HARRIS, John, an English clergyman, doctor of divinity, and man of letters and science, was born in 1667, and died on the 7th of September, 1719. He is said to have been the first compiler of an encyclopædia in any modern language; the work was called "Lexicon Technicum; an Universal Dictionary of Science and Art," and was published in London in 1708 in two folio volumes. He published also a compilation of voyages and travels, a collection of sermons, a treatise on algebra, and some astronomical and topographical writings. He was for a time secretary, and afterwards one of the vice-presidents, of the Royal Society.—W. J. M. R.

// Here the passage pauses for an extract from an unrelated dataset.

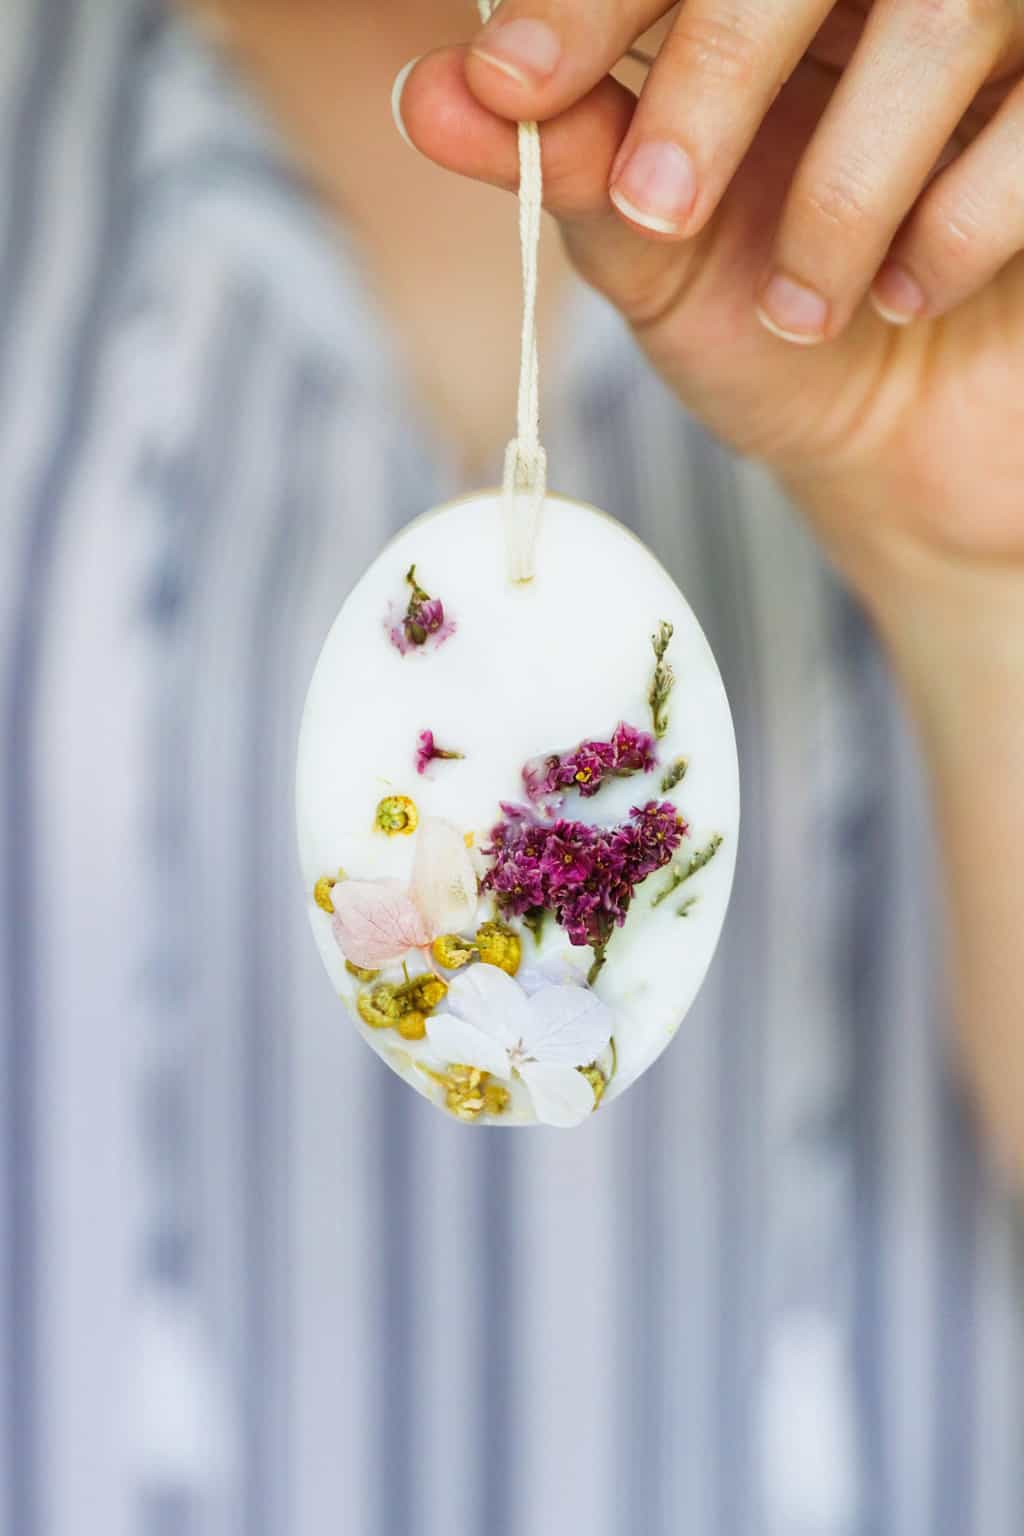 How to use essential oil sachets to scent your home
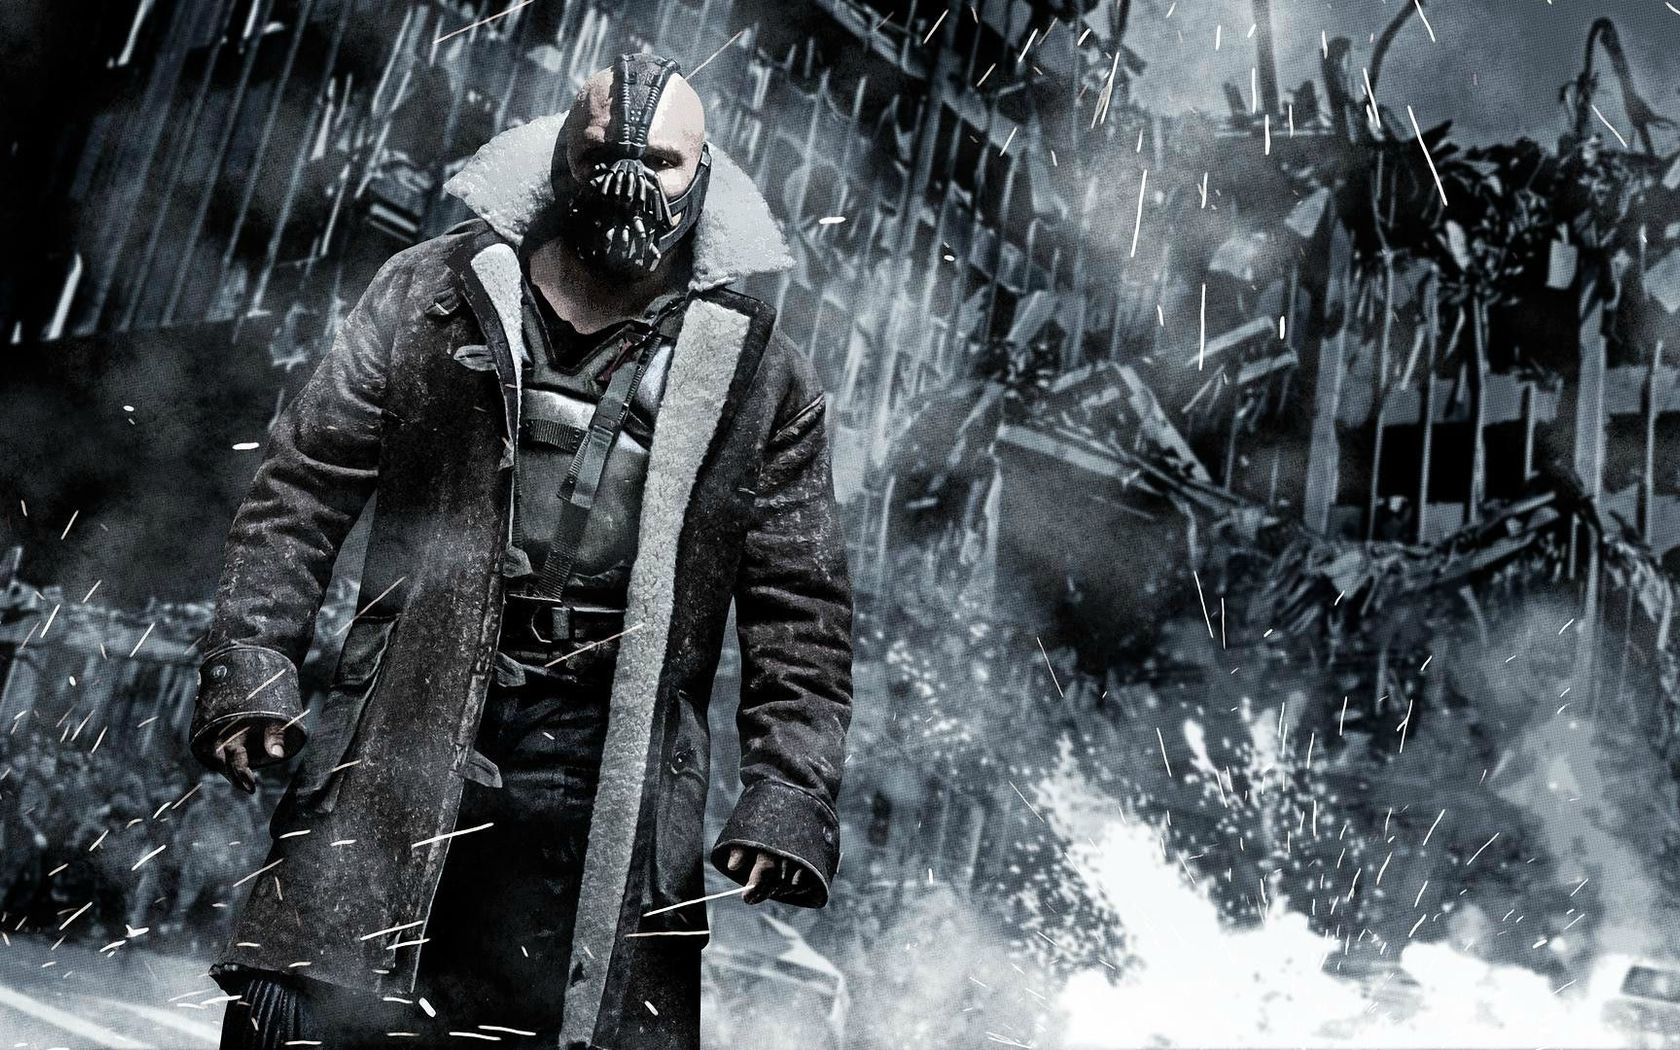 The Dark Knight Rises download the new for android

HARRIS, John, D.D., an English divine of the Independent connection, was born on the 8th of March, 1802, in the little village of Ugborough in South Devon, where his father was a tailor and draper. He grew up a thoughtful, contemplative boy, fond of reading and hearing legendary tales, and from his sedate manners went by the sobriquet of "Little Parson Harris." About the year 1815 he removed with his parents to Bristol, where they took apartments in the neighbourhood of "the tabernacle," soon afterwards the whole family, who were formerly church people, joined this congregation of dissenters. In his sixteenth or seventeenth year he was admitted a member of the tabernacle church, and shortly afterwards began to preach in the villages about Bristol, in connection with the Bristol Itinerant Society, and became highly popular among his rustic auditors, by whom he was called "the boy preacher." Eventually he was placed under the charge of the Rev. Mr. Scott at Rowell, with a view to his being instructed in some preparatory studies before entering the dissenting academy at Hoxton. Having passed through the academical course at Hoxton, he was ordained minister of the congregational church at Epsom, where he resided till 1838. In 1835 he published his first work, the "Great Teacher: characteristics of our Lord's ministry," which was followed in 1836 by "Mammon; or, covetousness the sin of the christian church," a prize essay. In 1838 he was appointed theological tutor and president of Cheshunt college, and shortly afterwards received the degree of D.D. from Brown university. In 1850, when New college, London, was formed. Dr. Harris was chosen professor of systematic and pastoral theology, and. was subsequently appointed principal of the college. This appointment he continued to hold until his death, 21st December, 1856. Besides the two works above mentioned. Dr. Harris was author of two prize essays, entitled "Britannia" and the "Great Commission;" also, of a volume entitled "Christian Union;" of a poem called the "Incarnate One," and some other poems and lyrics; of the "Pre-Adamite Earth;" "Man Primeval;" and "Patriarchy." He was likewise one of the editors of the Biblical Review, and a frequent contributor to the Evangelical Magazine. The "Posthumous Works" of Dr. Harris, consisting exclusively of sermons and charges, were published in two volumes under the editorship of the Rev. Philip Smith in 1857.—G. B—n.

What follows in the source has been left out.